> _Data shown_:
((
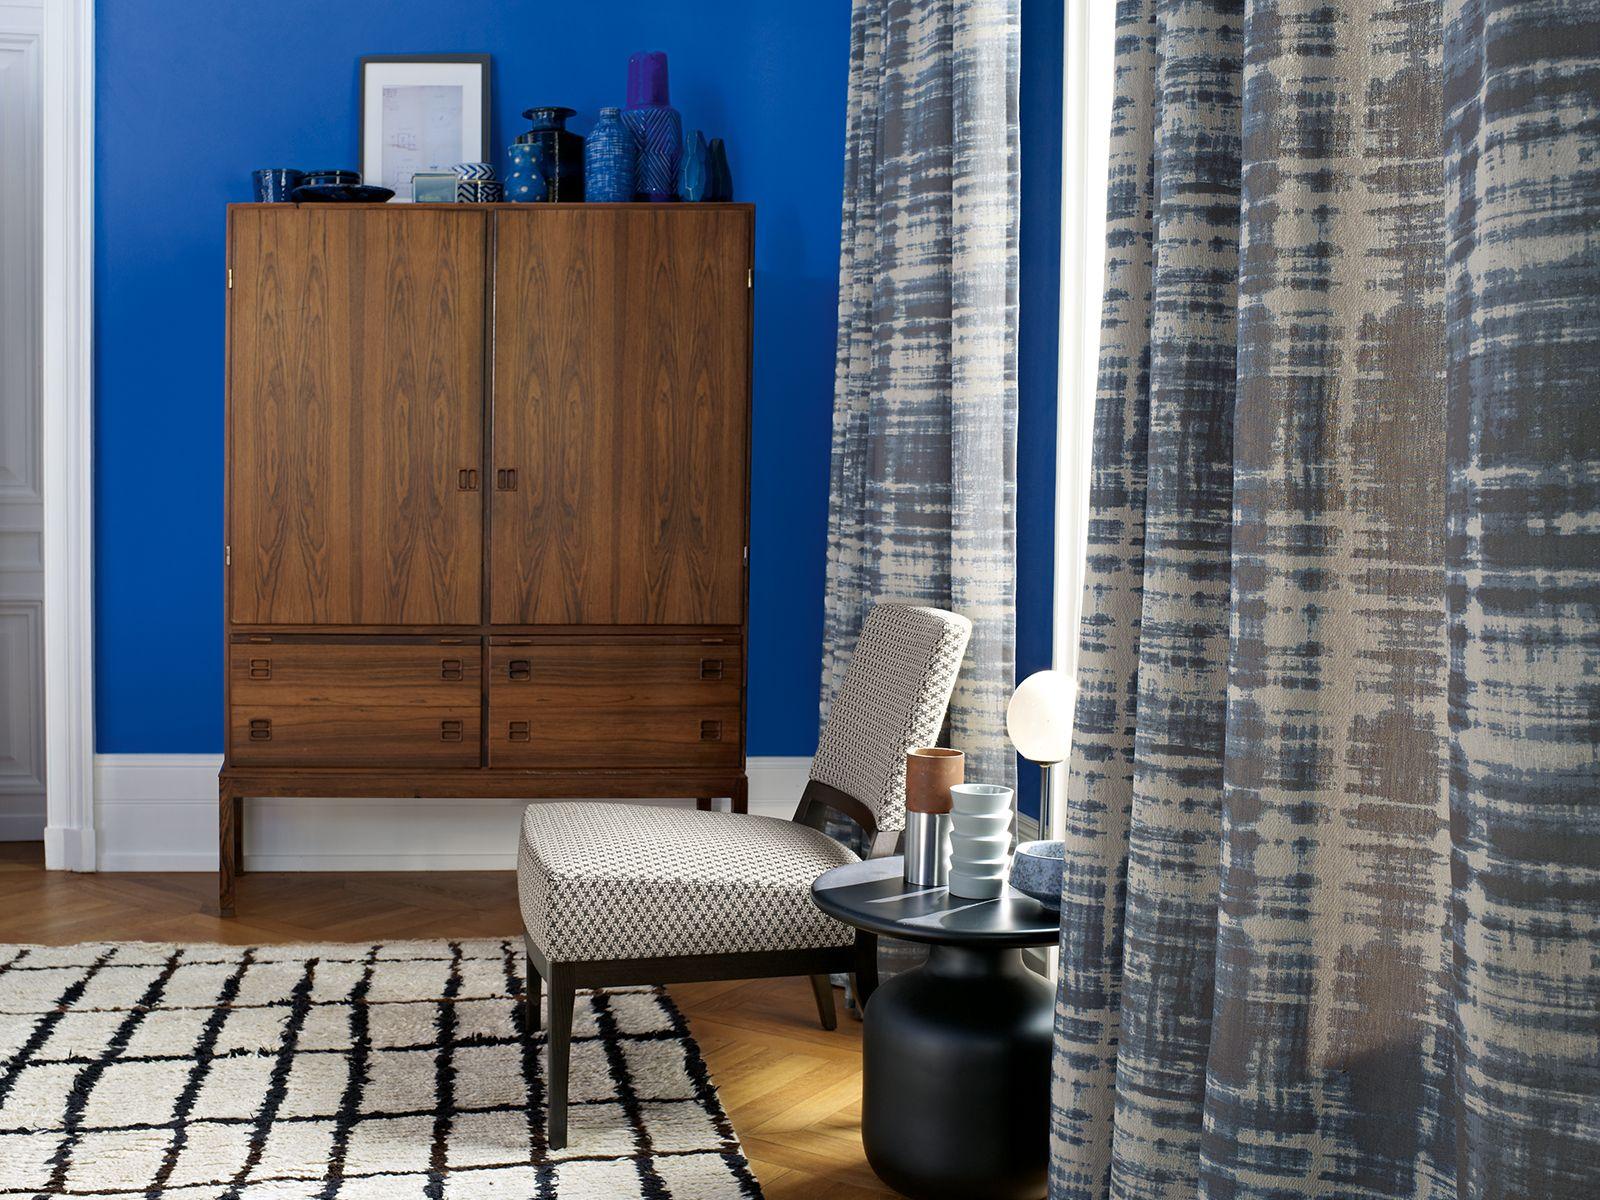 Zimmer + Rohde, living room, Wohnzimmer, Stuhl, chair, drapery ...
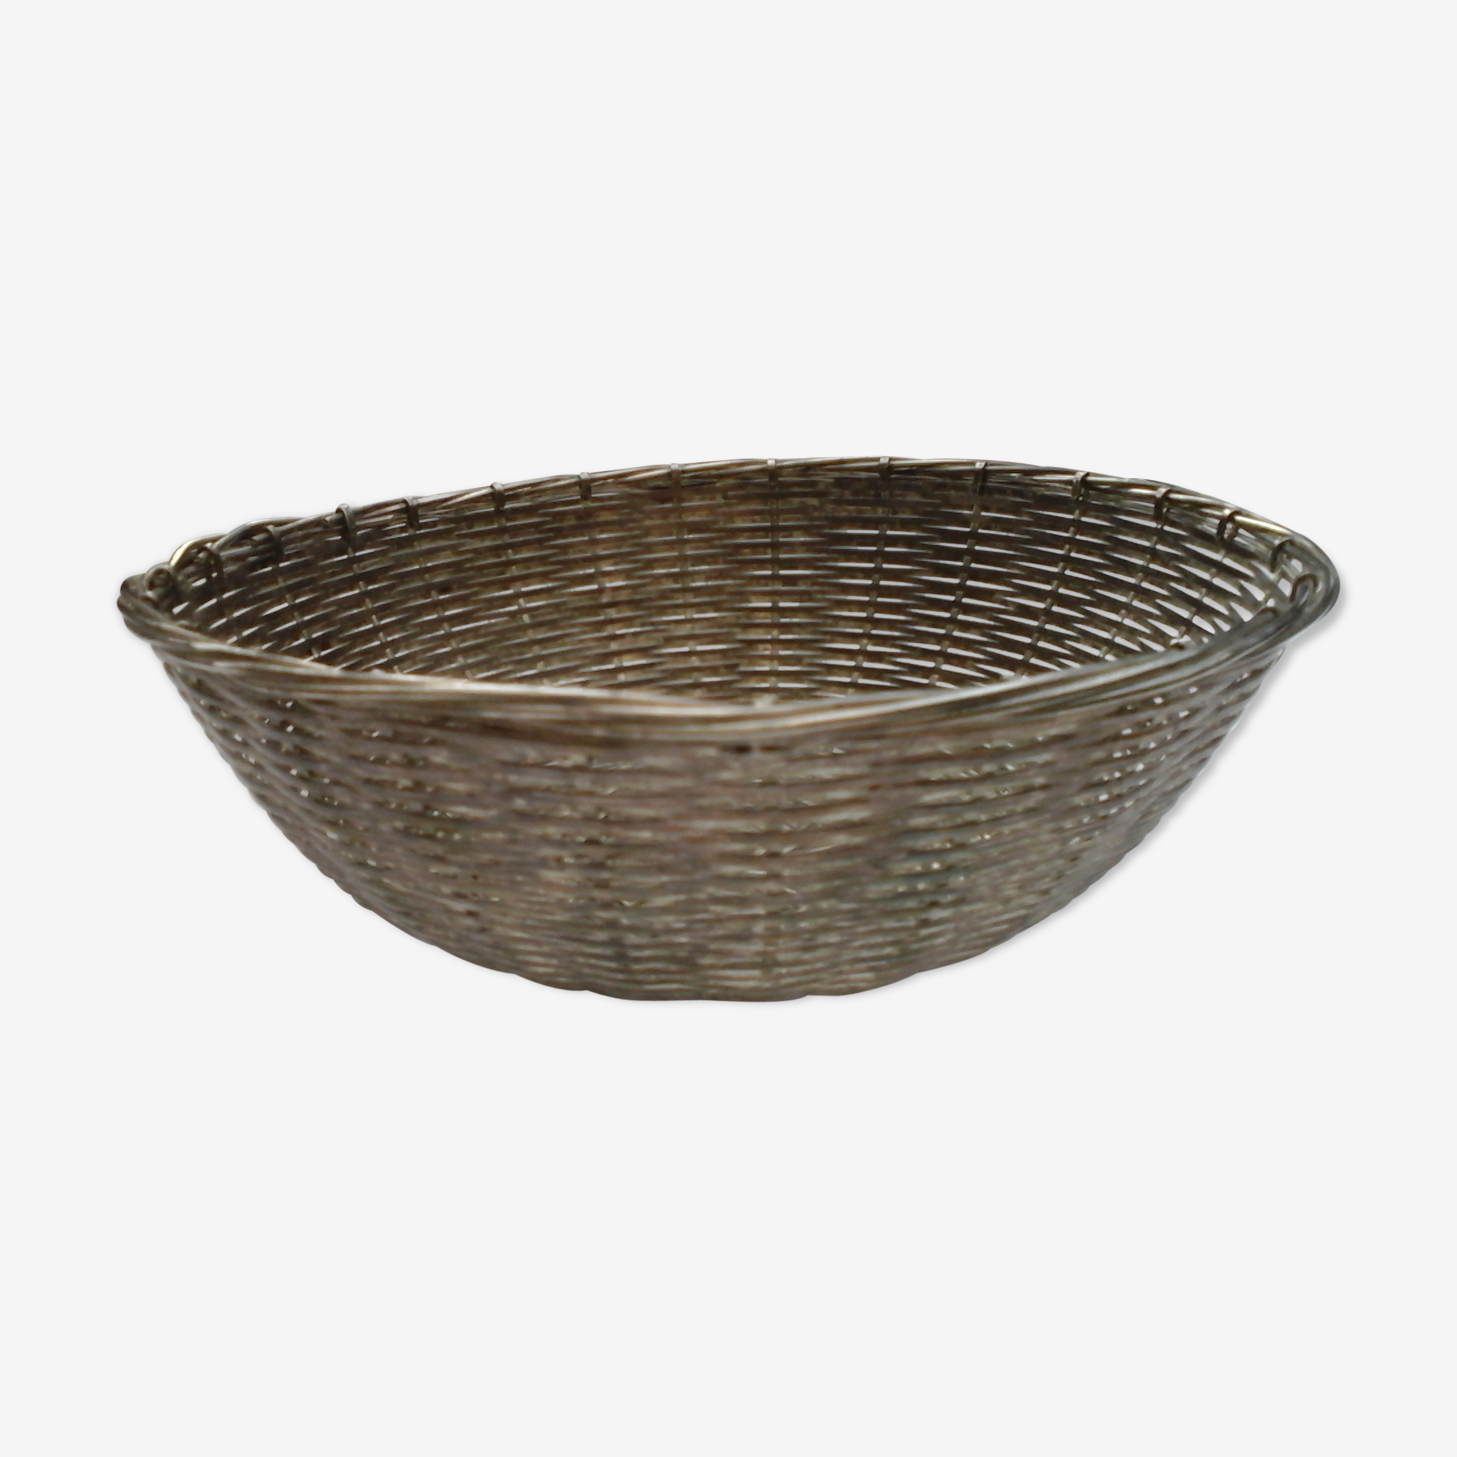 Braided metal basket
))
((
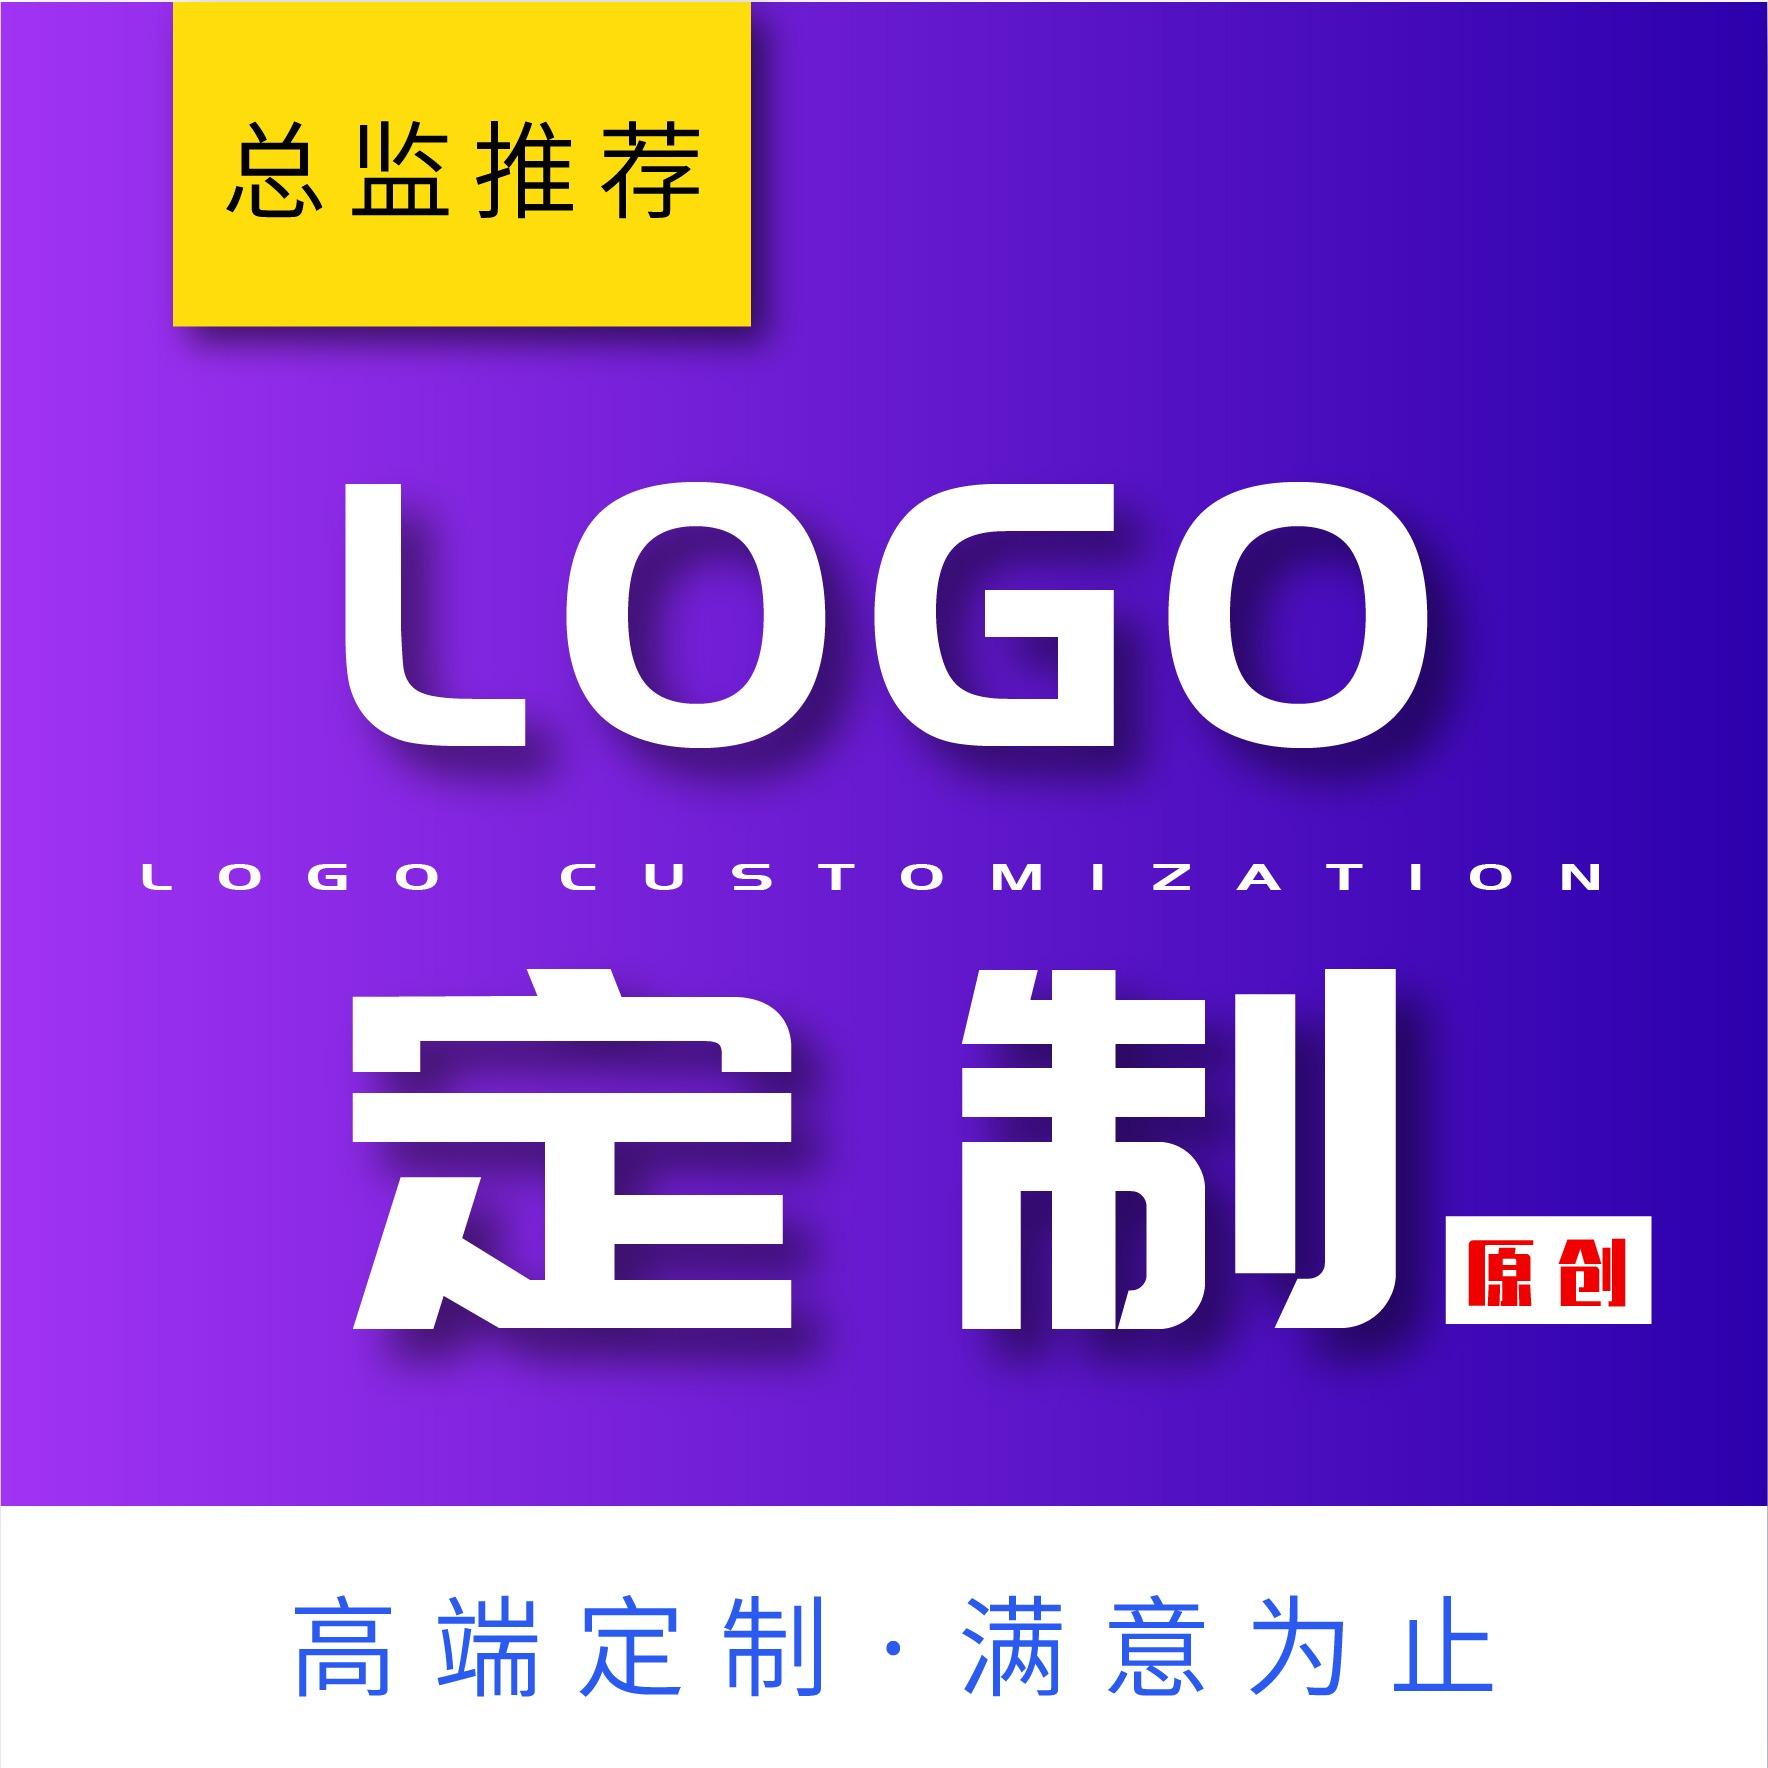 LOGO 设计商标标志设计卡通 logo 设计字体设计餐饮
))
> _Exercise objective_: Of the lines above, quote exactly those from the one with "Zimmer + Rohde, living" through the one with "Braided metal basket", ends included; pictures stay out.

> _Task solution_:
 Zimmer + Rohde, living room, Wohnzimmer, Stuhl, chair, drapery ...
 Braided metal basket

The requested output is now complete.